4. The Milestone Plan Investigators should provide project performance and timeline objectives, especially for interventional studies. For natural history studies this should include a description of anticipated patient accruals. This section must include an overview of the anticipated project timeline for the following general milestones, as applicable:
• Completion of regulatory approvals. • Enrollment of the first subject. • If applicable, enrollment and randomization of 25%, 50%, 75%, and 100% of the projected study population, including women, minorities, children, and the aged (as appropriate). • Define a plan of action if the study fails to meet its accrual milestones. • Completion of data collection time. • Completion of primary endpoint and secondary endpoint data analyses. • If applicable, completion of final study report. • Reporting of results in https://clinicaltrials.gov/ as required.

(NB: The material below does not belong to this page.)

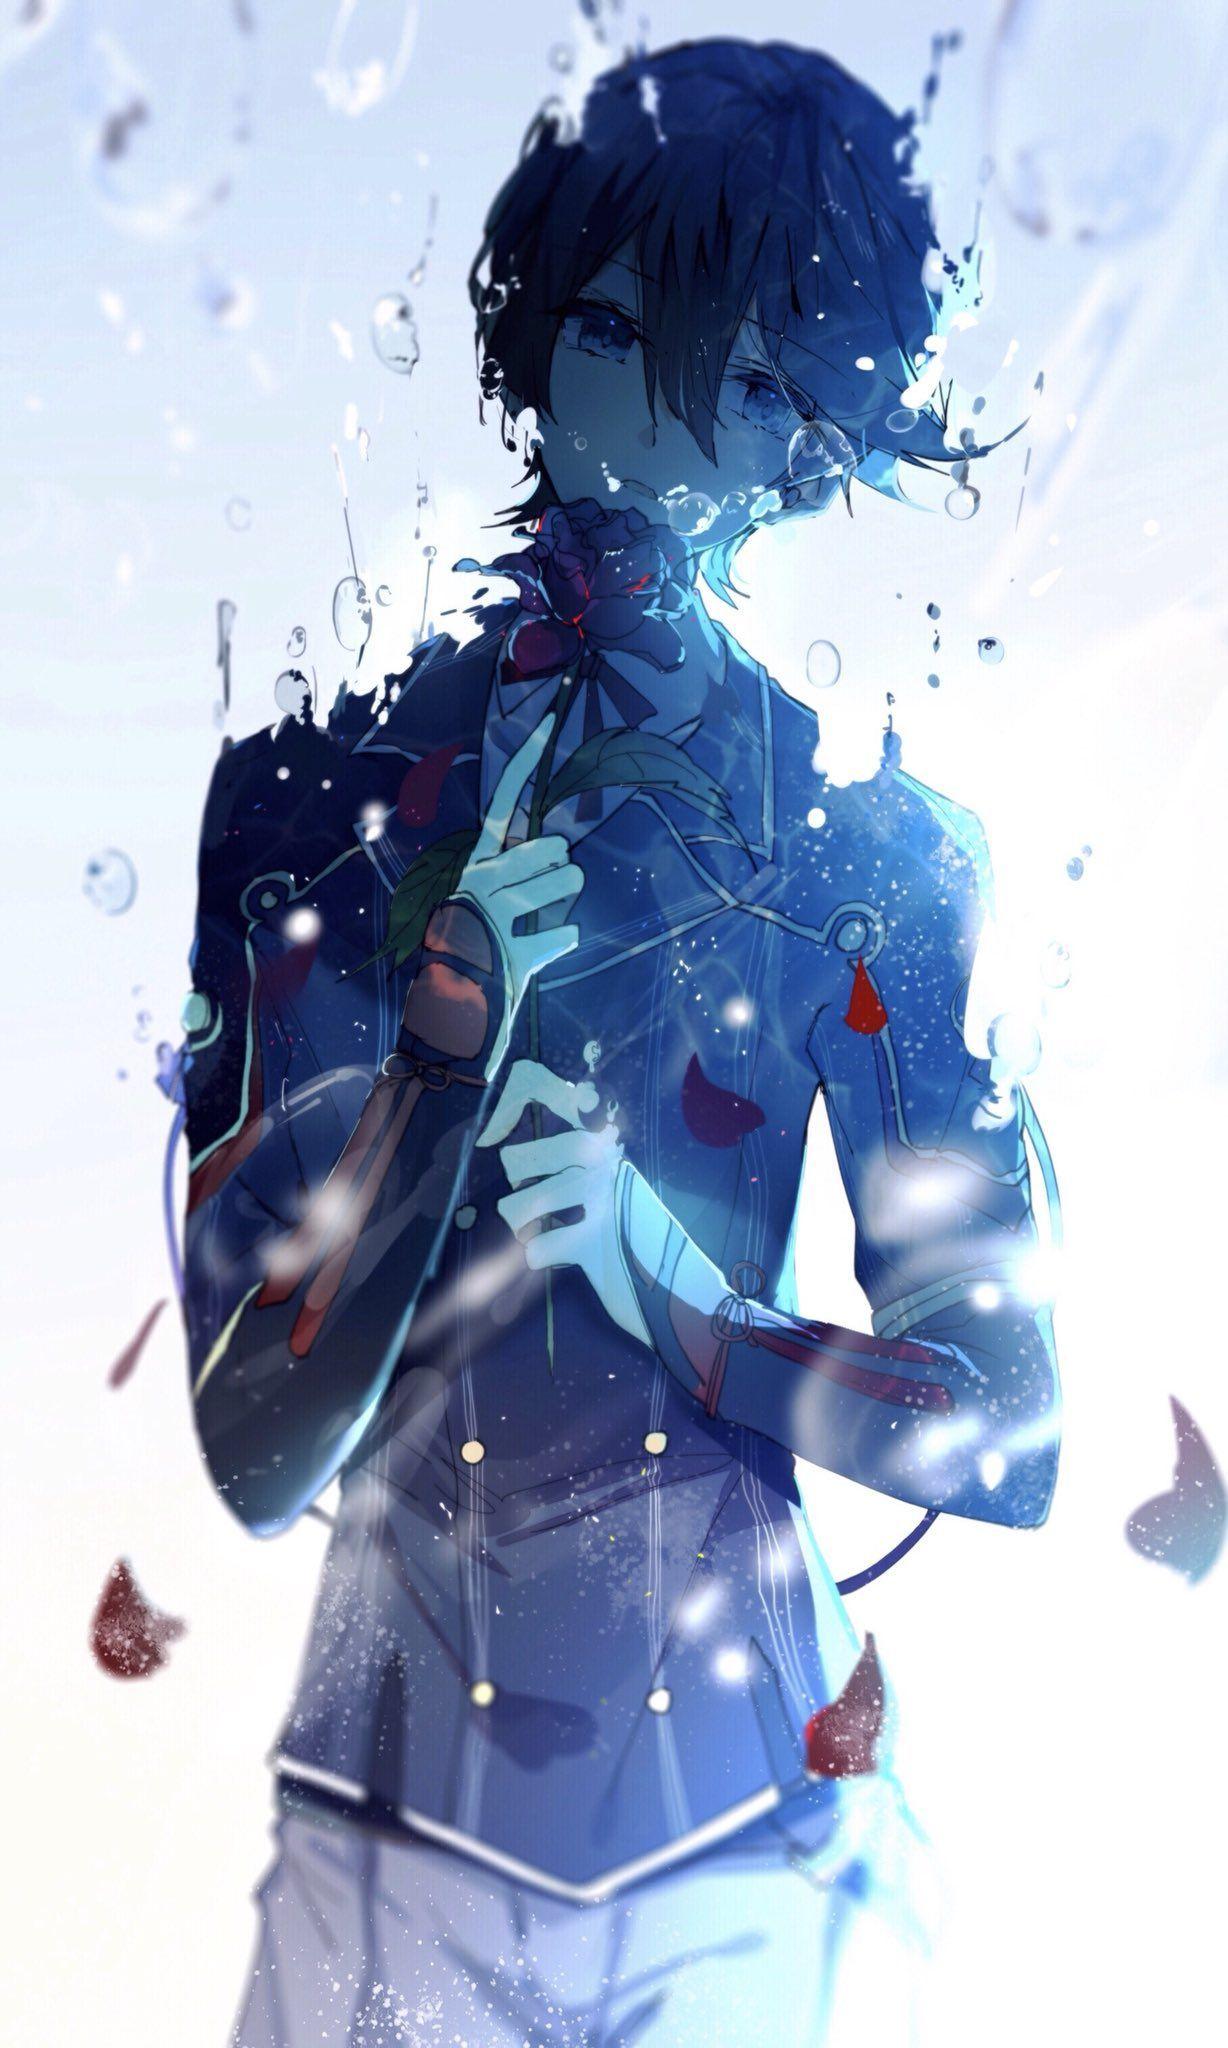 Epic Anime Pictures : anime, pictures, Anime, Wallpapers, Wallpaper

These milestones must be reviewed and addressed at annual and quadrennial scientific reviews described below.
5. Common Data Elements Applicability NIH encourages the use of common data elements (CDEs) in clinical research, patient registries, and other human subject research to facilitate broader and more effective use of data and advance research across studies. NIH has established a “Common Data Element (CDE) Resource Portal" (http://cde.nih.gov/) to help investigators identify CDEs when developing protocols, case report forms, and other instruments for data collection. Investigators should describe whether CDEs will be used in the proposed study; if CDEs will not be used, the investigator should explain why.

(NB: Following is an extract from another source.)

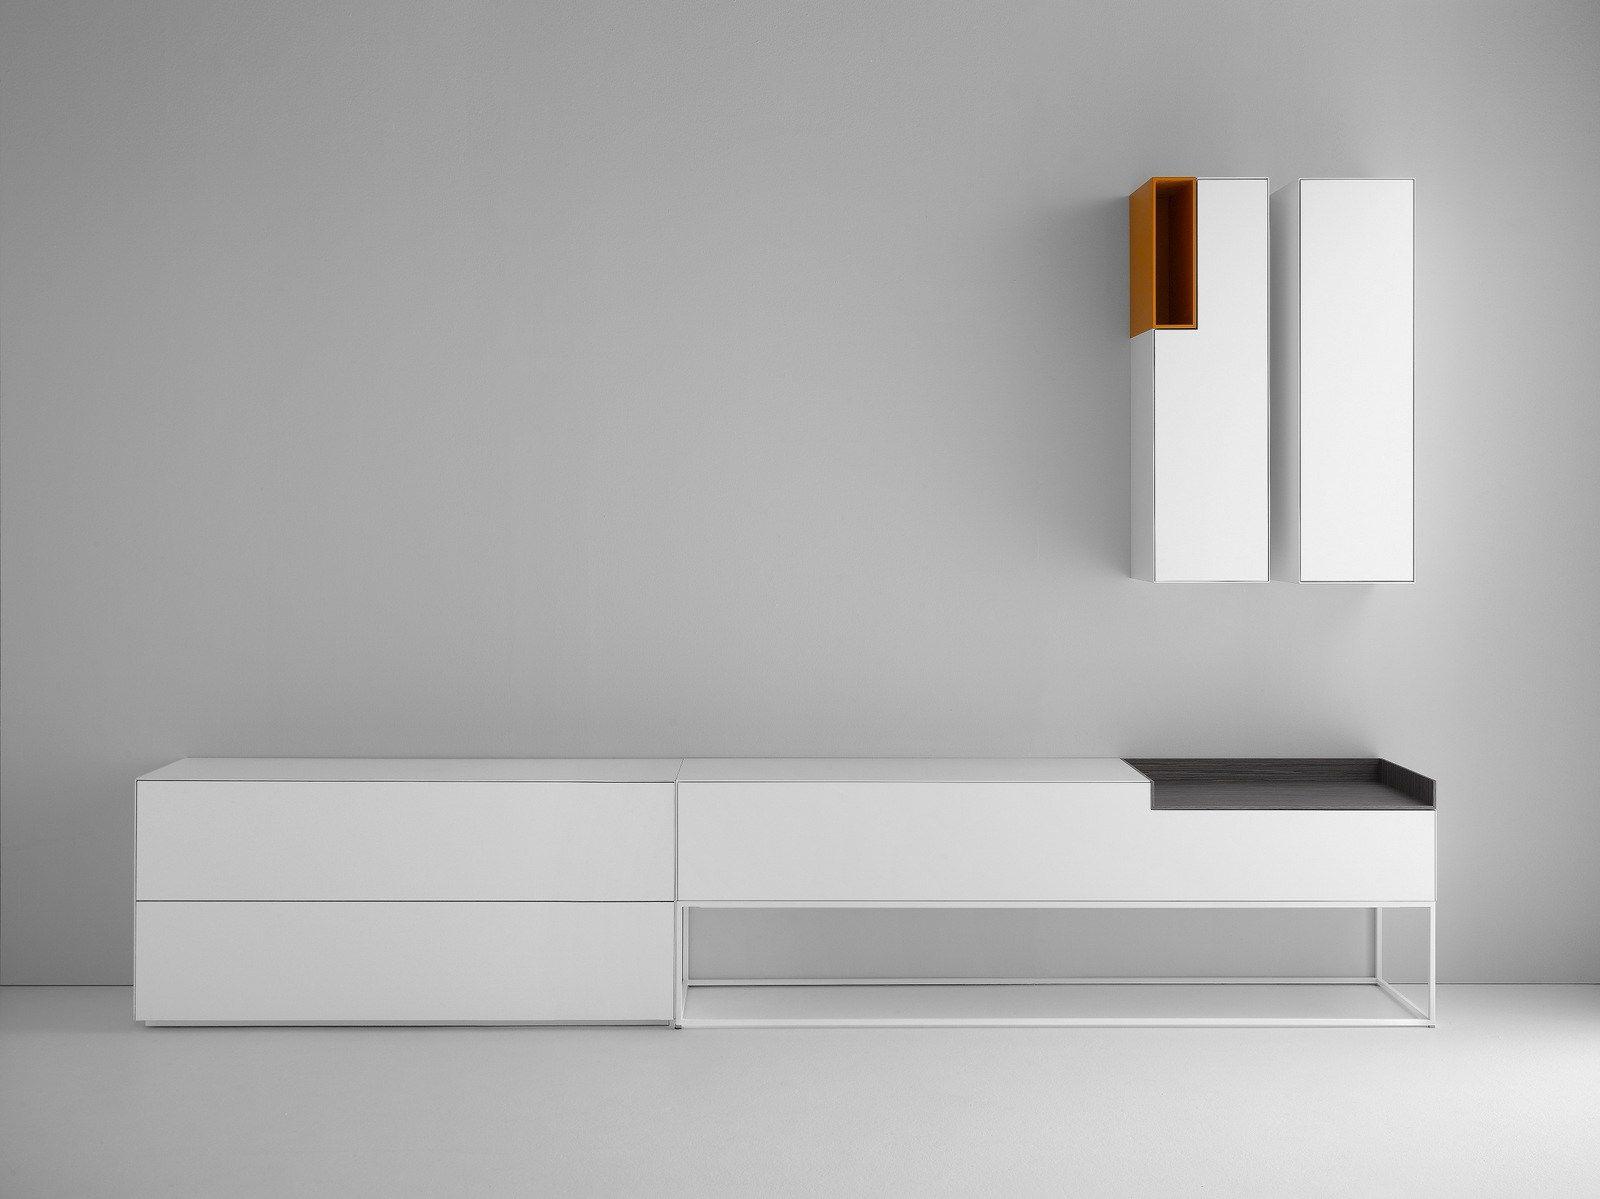 inmotion madia con cassetti by mdf italia design eva paster michael geldmacher. Black Bedroom Furniture Sets. Home Design Ideas

6. Clinical Protocol Schedule of Events The clinical protocol schedule of events provides protocol timelines and procedures to be completed by a participant during the trial (see section 7.37 Schedule of Events Table in the NIH Clinical Trials Protocol Template.
For example: a. Week 1 Screening/Baseline Visit (4 hours) - eligibility criteria, obtain informed consent, screening assessment(s), labs, etc. b. Week 2, 4, 6, 8 Study Visits (3 hours) - intervention(s), assessment(s), labs, scan(s), etc. c. Week 12 and 18 Follow-up Visits (3 hours) - assessment(s), labs, scan(s), etc.

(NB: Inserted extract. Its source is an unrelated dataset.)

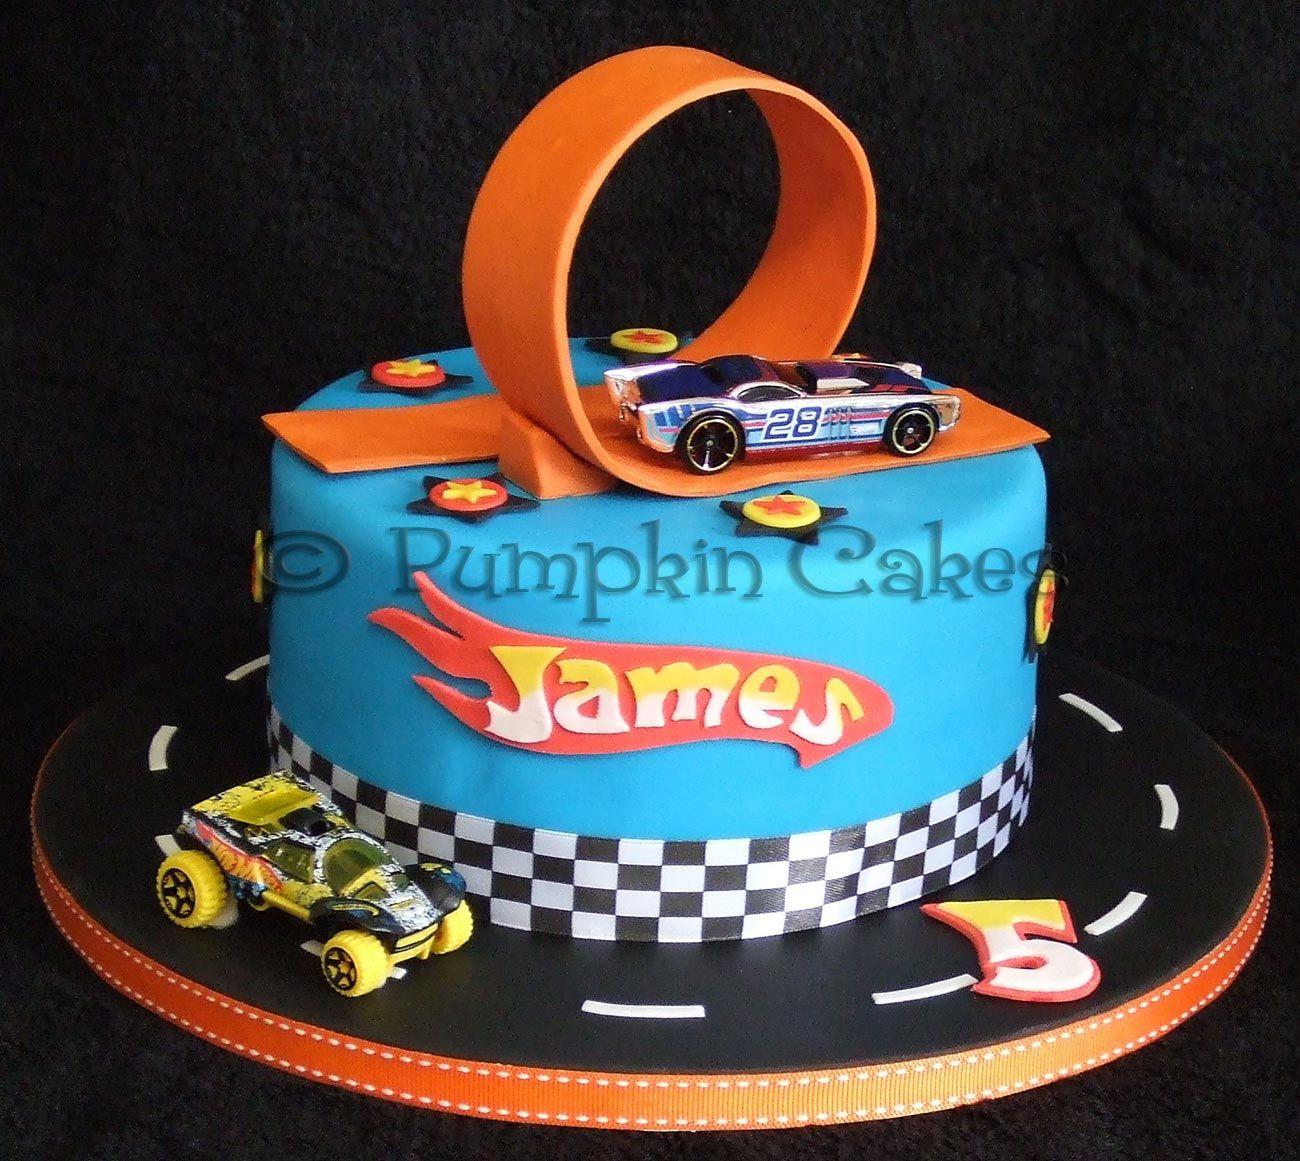 Cake Decorating Mud Cake Recipe : Yummy chocolate mud cake in a Hot Wheels design. Cake ...

5 d. Week 24 End of study visit (2 hours) - assessment(s), labs, scan(s), etc. e. This document should be provided in a tabular or graphic format.
7. Statistical Analysis Plan
A detailed statistical analysis plan must be submitted (see Section 10 in Statistical Considerations in the NIH Clinical Trials Protocol Template).
Specify the number of subjects to enroll, the expected effect size, power and the statistical methods (per protocol, intent-to-treat) used to assess the primary outcome measure. A more detailed analysis plan, including a valid subgroup analysis, should be included for a Phase III Clinical Trial.
8. Disease Community Engagement and Study Design • When appropriate specify the process for including disease community engagement (research participants ) in study design. For studies with clinical outcome endpoints, specify whether research participant perspectives were included in determining clinical outcome measures (e.g., surveys distributed at patient conferences, direct meetings with patients and support group representatives, patient representation on any study design group). When disease community engagement is used it is necessary to define the NIH process used for engagement (e.g., use of NIH Conflict of Interest short certification form). If no disease community engagement has been used explain why. • Describe the process for timely feedback to research participants of study results and conclusions.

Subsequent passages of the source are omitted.